Their camping-in-dangerous-area system is also great.

I like how Hunter's Moon seeems to do downtime. It's balancing "stop the monster from eating innocent people" vs "make sure you don't die when you fight the monster, figure out weakness, get the magic artifact etc"
OgreBattle wrote:Been reading about Japanese tabletop RPG's on various blogs, one of the things that gets mentioned is Japanese groups tend to meet less often, like once a month, and games are focused more on one-shot so there's an emphasis on quick character generation but not much on character growth over multiple sessions.

Here's a breakdown of how Hunter's Moon works.


Character Creation
You start with character motivation that gives a general motive of why your PC is hunting monsters. An 'avenger' lost something precious to a monster and is out for revenge, a thrill seeker just wants to test himself and get the adrenaline flowing, a magician belongs to an order with a duty to hunt monsters, and so on. You determine if your character 'hates' or 'fears' the monster, hate means when your hitpoints are low your attack power rises, while fear means when your hitpoints are low your defense rises.

You then pick from a list of skills that you're good at. Different attack powers are tied to skills, and you can have skills disabled from damage. This also applies to monsters.

The game has set phases called "Sundown", "Night", and "Sunrise", so it represents one night of hunting for one gameplay session. Sundown, Night and Sunrise are broken down into further phases of...


Pursuit ("Legwork"):
The phase starts off with the GM determining what the monster is up to, and then the PC's react to that.
-Monster roll: The GM rolls for what the monster is up to such as targeting specific people or going on a rampage, if the monster succeeds they get a benefit like a new ability to use, more morale (ablative hitpoints). and PC’s have to roll against that skill to stop it
-Location roll: Determines where the upcoming battle takes place, locations have unique effects like “Warehouse: players receive a free item”, “subway: anyone who rolls a fumble takes damage from being hit by a train”.

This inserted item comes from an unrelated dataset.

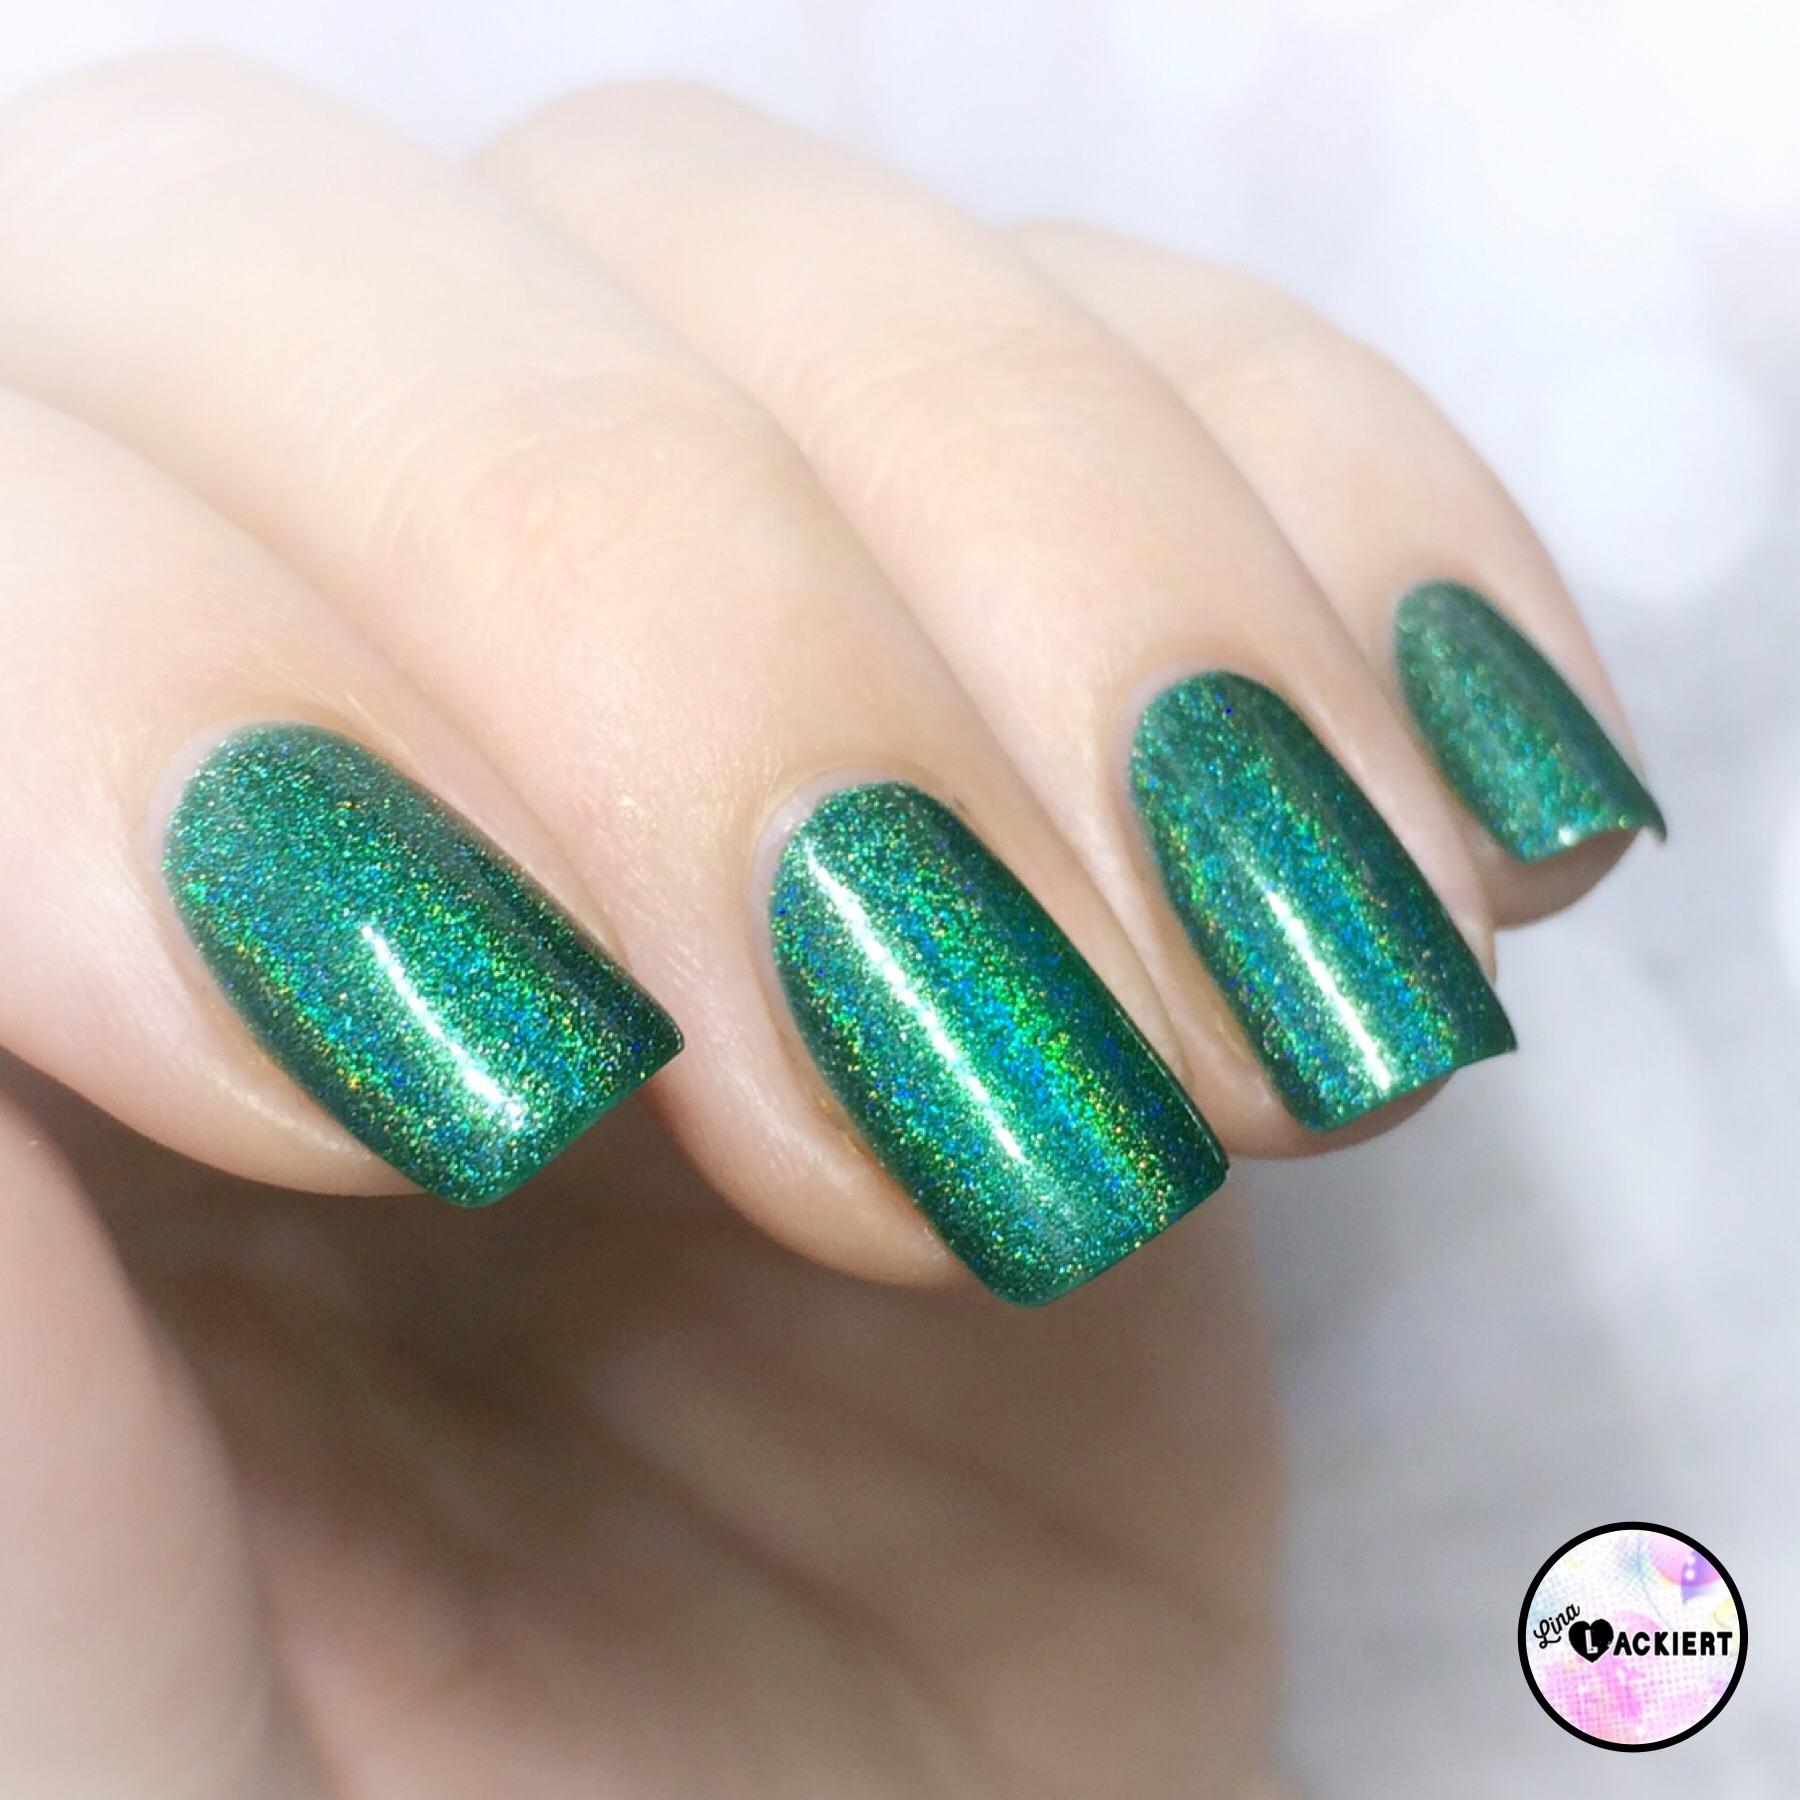 Born Pretty Holo Polish // Ein Traum in Grün | Lina-Lackiert

PC’s get 1 action to spend on things like researching the monster's weakness, stopping the monster from eating people, and so on:
-Weakness investigation: Finding out the monster’s weakness, making it easier to kill the monster or figuring out what body part you have to damage to disable its powers ("By piercing its chest it can't breath fire anymore!")
-Behavior Investigation: Finding out what the monster’s capabilities are, what triggers its super powers. ("The monster feeds off of anger and gets stronger when it senses it")
-Location Change: Change location of battle ("This monster flies, lets not fight it on the cliffside")
-Practice: Training, prepping weapons and so on, gives a bonus to the next battle.
-Support: Lower emotion, change status condition of allies (healing them), change emotion from fear/hate

After that's done you move on to...


Battle: PC’s run into the monster and fight

Battles are pretty short, with everyone getting maybe 1-3 turns before one side has to flee or dies. Hunter's Moon has a 'ablative hp and real hp' system with 'morale' (restores after battle) and 'hp' (when you lose hp you roll to see if you take injuries that disable skills and abilities).

This cycle of "Legwork-> Battle" is then repeated for "midnight" and "sunrise".

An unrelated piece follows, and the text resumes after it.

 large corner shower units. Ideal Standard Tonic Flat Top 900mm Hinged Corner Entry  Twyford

The same guys who made Hunter's Moon also made Shinobigami, which focuses on more player vs player interaction as PC's all have hidden agendas. It's kind of like "Mafia". It's still in phases but there's a PC who gets to decide the general theme of the phase like "I'm attacking player X" or "I'm spying on player Y", but other players can interact with it like "I use my scrying ability to jump into the scene and rescue player X from player Z"
Shinobigami overview

Shinobigami is designed to be played in a single sitting, with an entire scenario wrapping up in about four hours. This feature of many Japanese role-playing games is put to great effect in Shinobigami, allowing dynamic characterization between sessions and exciting long-term storyline possibilities.

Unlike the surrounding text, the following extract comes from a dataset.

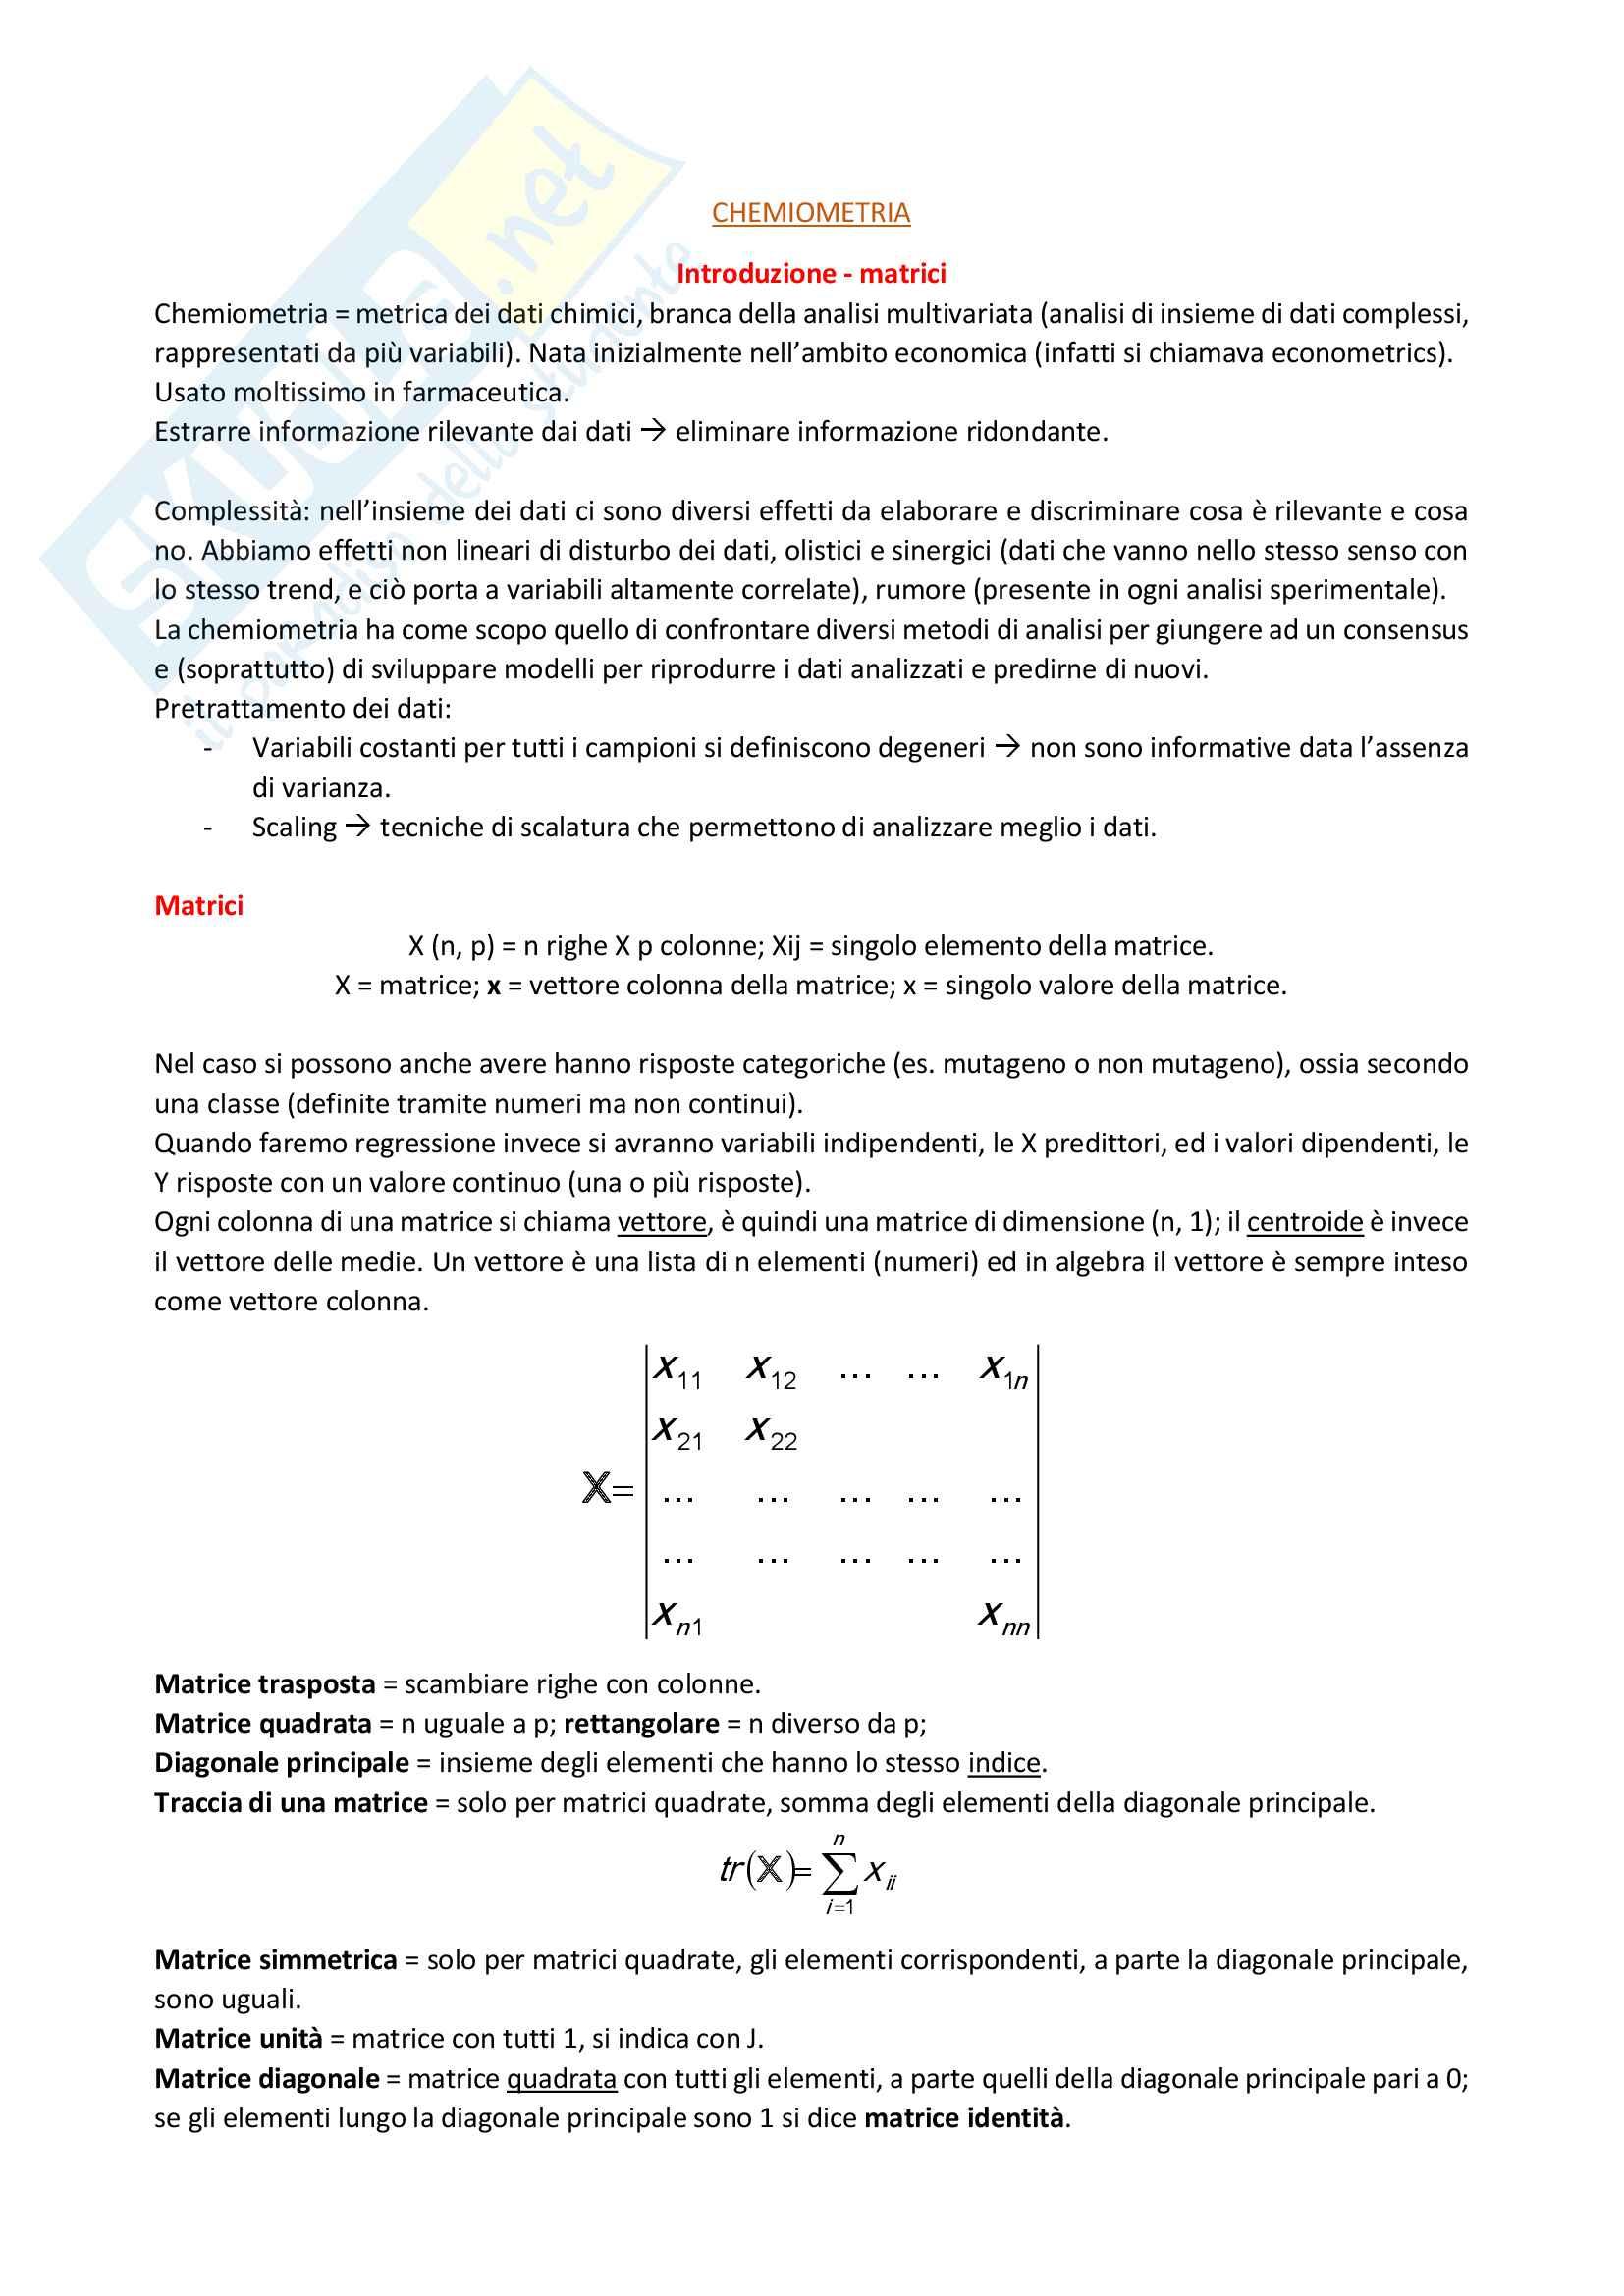 Chemiometria, prof: E. Papa

Before the game begins, each player should have a completed character sheet. The Game Master will hand each player a handout containing their character’s Mission and Secret. Once everyone is ready, play begins.

A scenario is made up of four separate phases: Introduction, Main, Climax, and Ending.
Introduction Phase

The Game Master will introduce the NPCs and the scenario’s inciting incident during this phase, and give each player character a scene. During these Introductory Phase scenes, the character gets to show off their character, describe their appearance, and reveal their Mission to each other. The players will record the names of each character in the People section of the character sheet for future reference. The objective of the scenario, and the “prize”, is introduced.
Main Phase
In the Main Phase, the Prize is put into play: It may stay with one person or change hands several times over the course of the three cycles. During the Main Phase, the players takes turns as the Scene Player. While acting as a Scene Player, a player has narrative control over a scene in which their character comes closer to fulfilling their Mission.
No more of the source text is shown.